After many American schools moved learning online in the spring, students and teachers turned to TikTok to commiserate about the struggles of being an educator. Students hosted livestreamed study sessions where they helped each other with homework and used TikTok to share homework and online learning hacks with their peers. In June, TikTok introduced an education initiative and said it would work with hundreds of experts and institutions to produce educational content for the platform.

Beyond keeping teachers and students connected, the app fostered friendships and romances across distances enhanced by a year of limited travel. It also helped parents commiserate over the challenges of caring for children and navigating adulthood.

It Gave Us Life-Affirming Trends

One of the earliest and most visible trends on TikTok in 2020 was the Renegade, a dance choreographed by Jalaiah Harmon, 15, to the song “Lottery” by Atlanta rapper K-Camp. The dance, popularised primarily by white influencers, broke open a dialogue about Black creators and giving credit where it’s due.

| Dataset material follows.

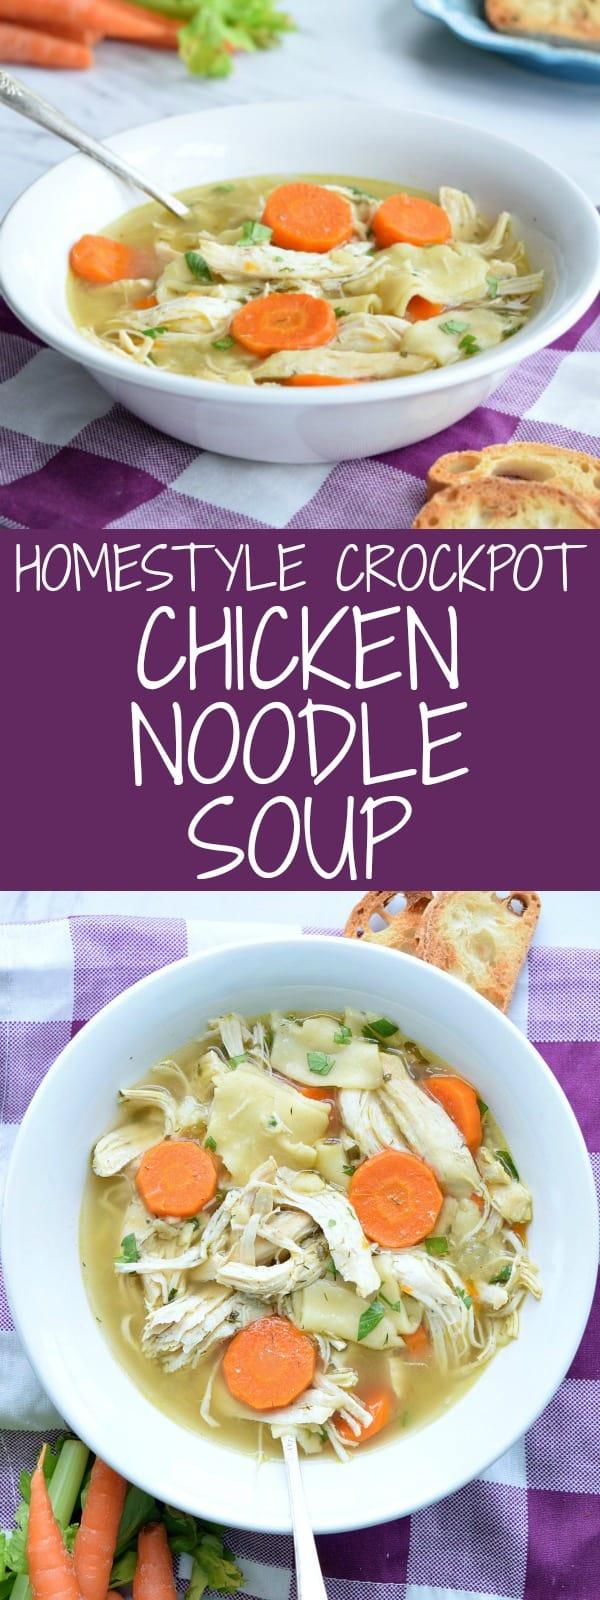 Honestly Crockpot Chicken Noodle Soup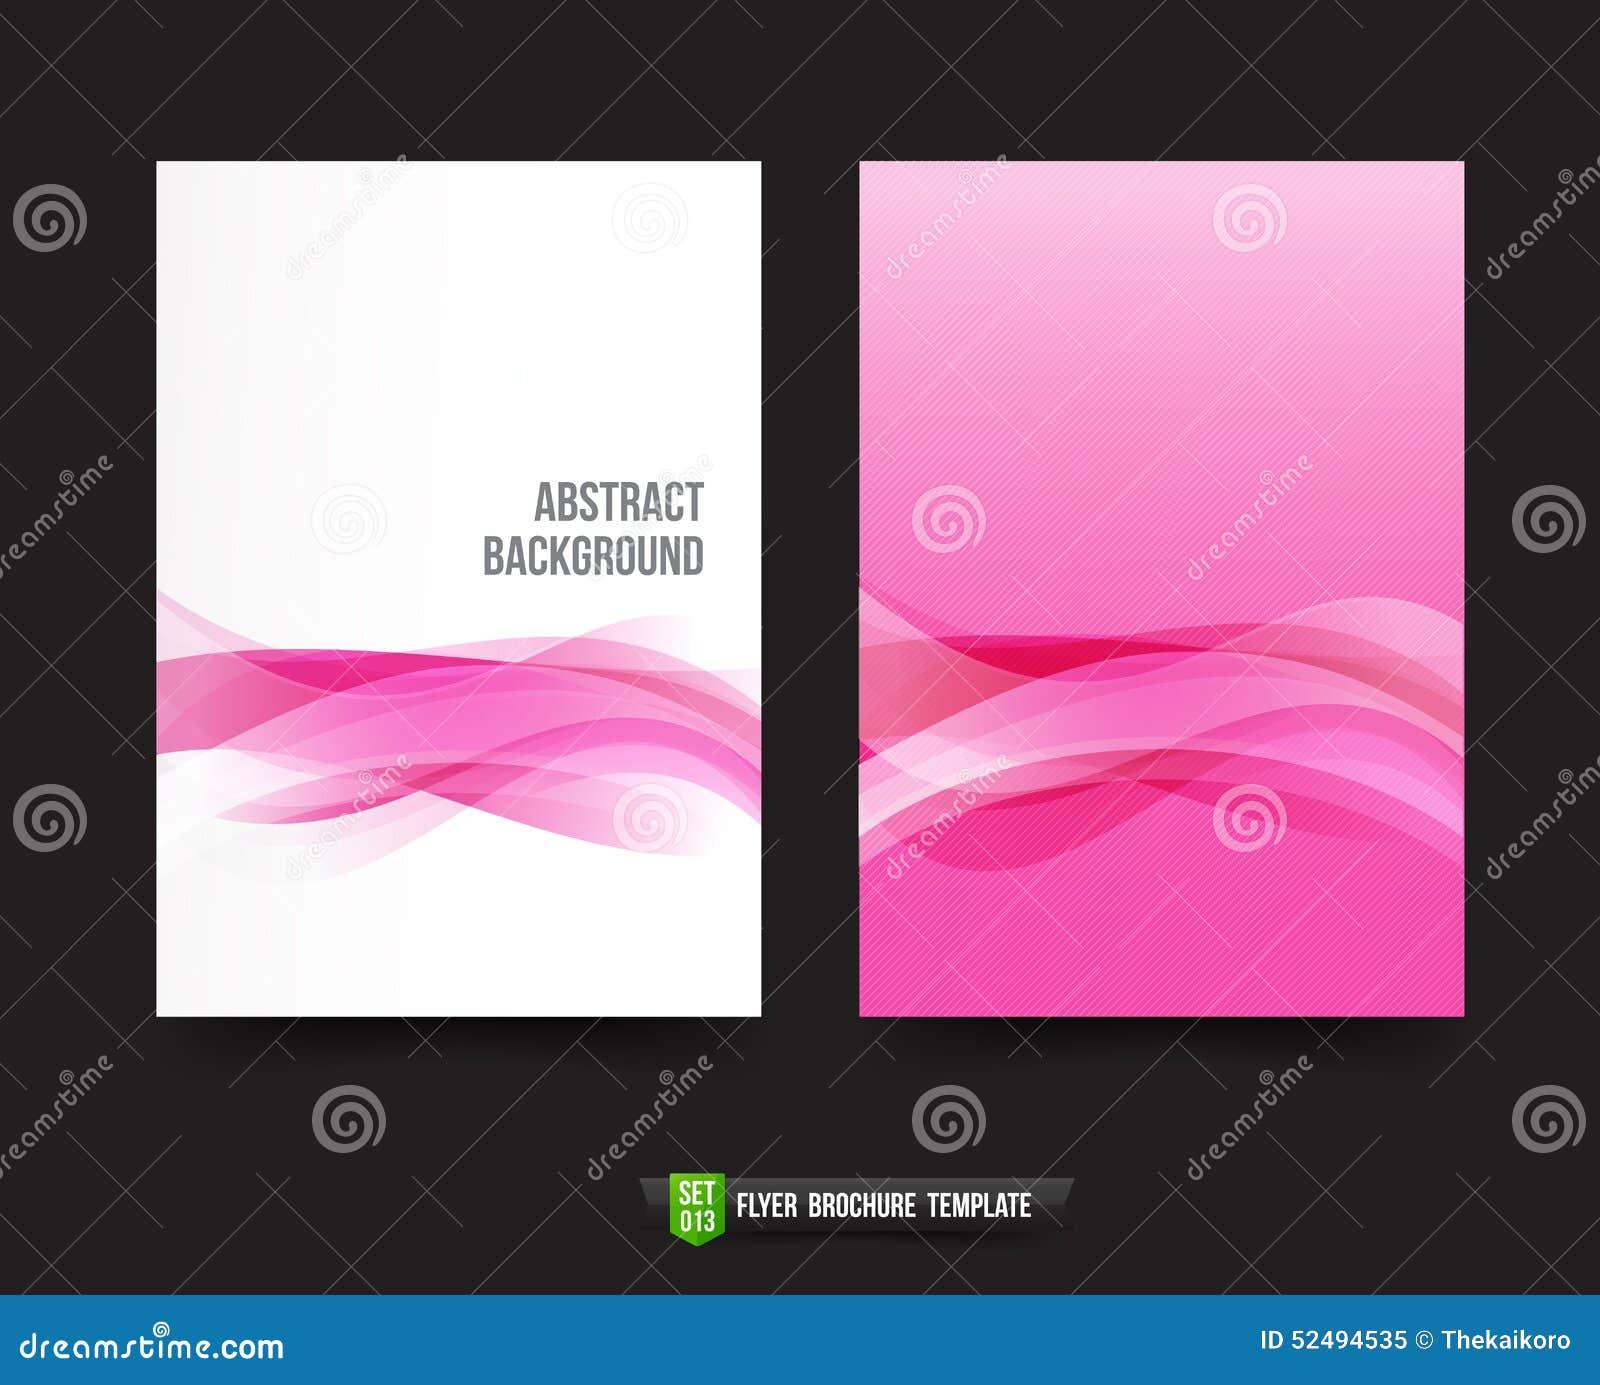 Flyer brochure background template 013 light pink curve for Brochure background templates

In 2020, viral food culture migrated from Instagram to TikTok. The platform popularised pancake cereal, whipped coffee and carrot bacon. It also helped up-and-comers, like 18-year-old culinary darling Eitan Bernath, get discovered and taught millions stuck at home during quarantine how to cook.

TikTok songs and audio tracks provided the soundtrack to 2020. The platform lifted new artists from obscurity at a rate never seen before by the music industry. It thrust songs like Fleetwood Mac’s “Dreams” back into the spotlight and introduced new ones to mass audiences.

People feeling worn down by months of isolation and fear turned to TikTok to “manifest” a better reality, or find spiritual connection with members of religious communities and the coven of WitchTok.

Role-play and creative communities encouraged new types of self-expression. Thousands of teens began cosplaying multinational corporations and forming absurdist fandoms. Thousands more began building out an expansive, collaborative musical adaptation of Disney Pixar’s “Ratatouille.” Others constructed elaborate original story lines and scenarios as part of POV (point of view) TikTok.

At this point, who knows what 2021 will bring?